See [Reasoning Model](/en/guides/models/reasoning) for model details.

## Audio models

> Audio models such as `step-tts-2` convert text into natural speech and support voice cloning.

**Audio models can be used for tasks including, but not limited to:**

* **Voice assistants**: customer service and smart speakers.
* **Audiobooks and podcasts**: text narration with consistent voice.
* **Games and NPCs**: character voices at scale.
* **Media production**: quick voiceover drafts.

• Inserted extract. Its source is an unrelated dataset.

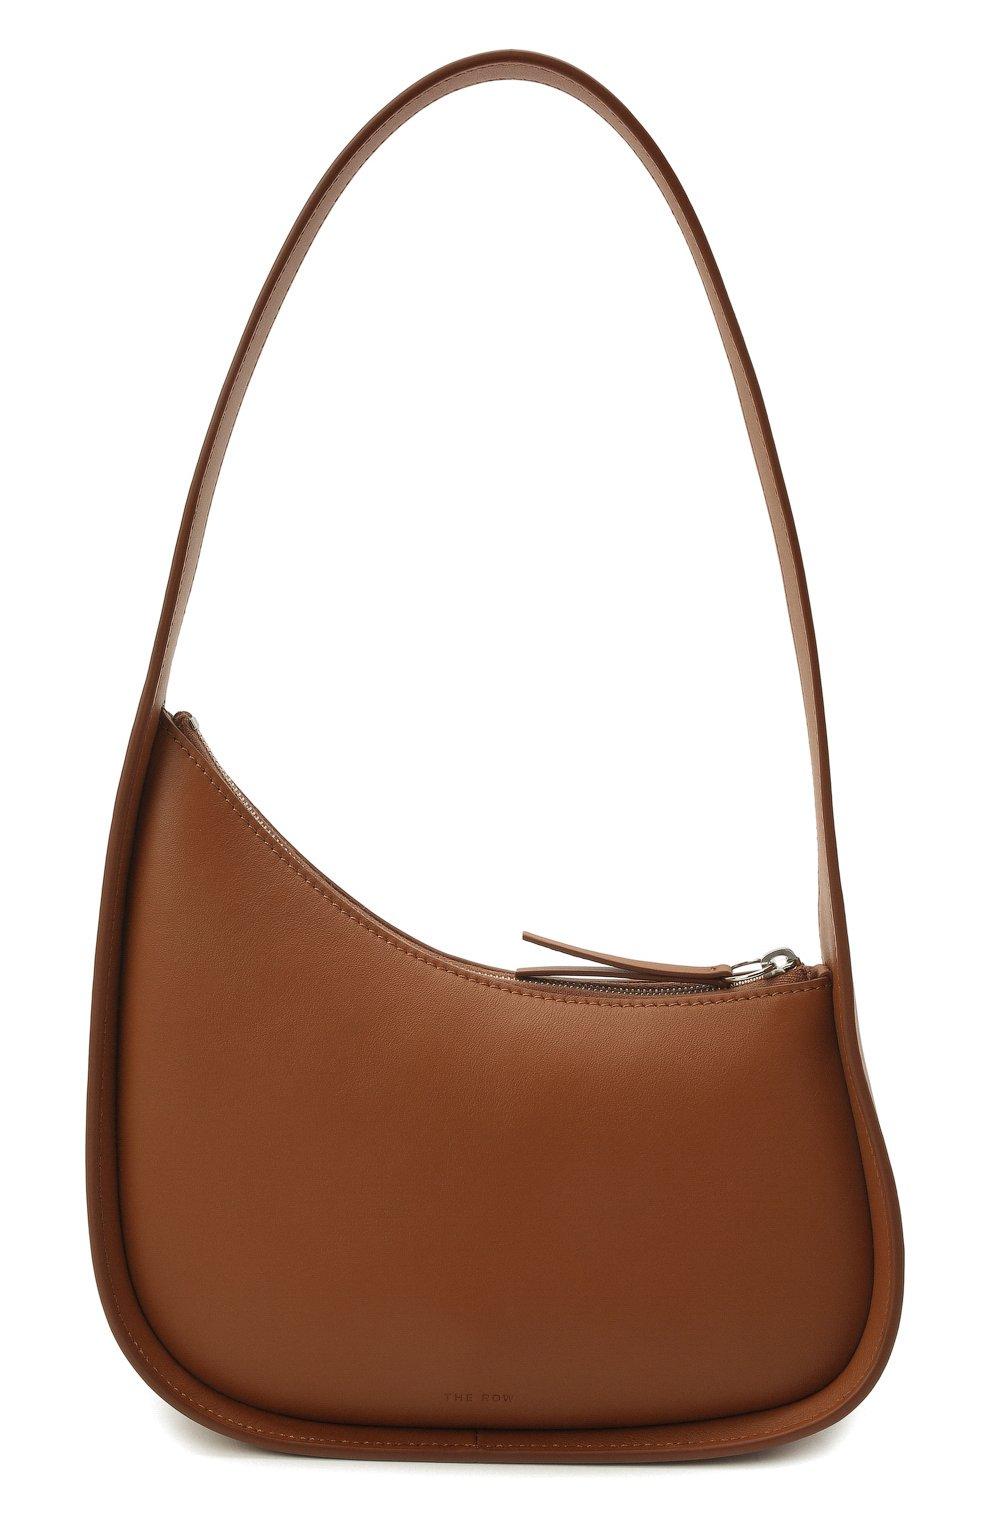 Женская сумка half moon THE ROW коричневого цвета, арт. W1249L52   Фото 1 (Сумки-технические: Сумки top-handle; Материал: Натуральная кожа; Размер: mini)

See [Audio Models](/en/guides/models/audio) for model details and [Generate audio](/en/api-reference/audio/create-audio) for the API.

## Context length

> **Context length** is the amount of input text a model considers when generating or predicting. It limits how much information the model processes in a single request.

**Why it matters**

* **Quality**: Context length governs how much the model can remember and use, affecting understanding and generation.
* **Performance**: Larger contexts can improve accuracy but also increase compute cost.
* **Cost**: Longer contexts may help in certain scenarios but raise usage costs, so balance quality and spend.

**Where it applies**

* **Chat systems**: affects coherence and context retention across turns.
* **Creative writing**: longer contexts can produce more coherent, logical narratives.
* **Research papers**: helps the model digest background, data, and detailed discussion.
* **Novels and literature**: captures plot progression and character relationships.

## Token

> A token is the basic unit of text a model processes. It can be a character, word, phrase, or sentence depending on the tokenizer and training data. In Chinese, tokenization is especially important because words are not separated by spaces.

**Token length**

* **Chinese characters vs. tokens**: Roughly 1 token equals about 1.5–2 Chinese characters, though actual counts vary by content.

**Context limits**

* **Maximum context**: The combined input (prompt) and output must stay within the model’s context window.
* **Why the limit matters**: It keeps processing efficient and avoids errors from overly long text.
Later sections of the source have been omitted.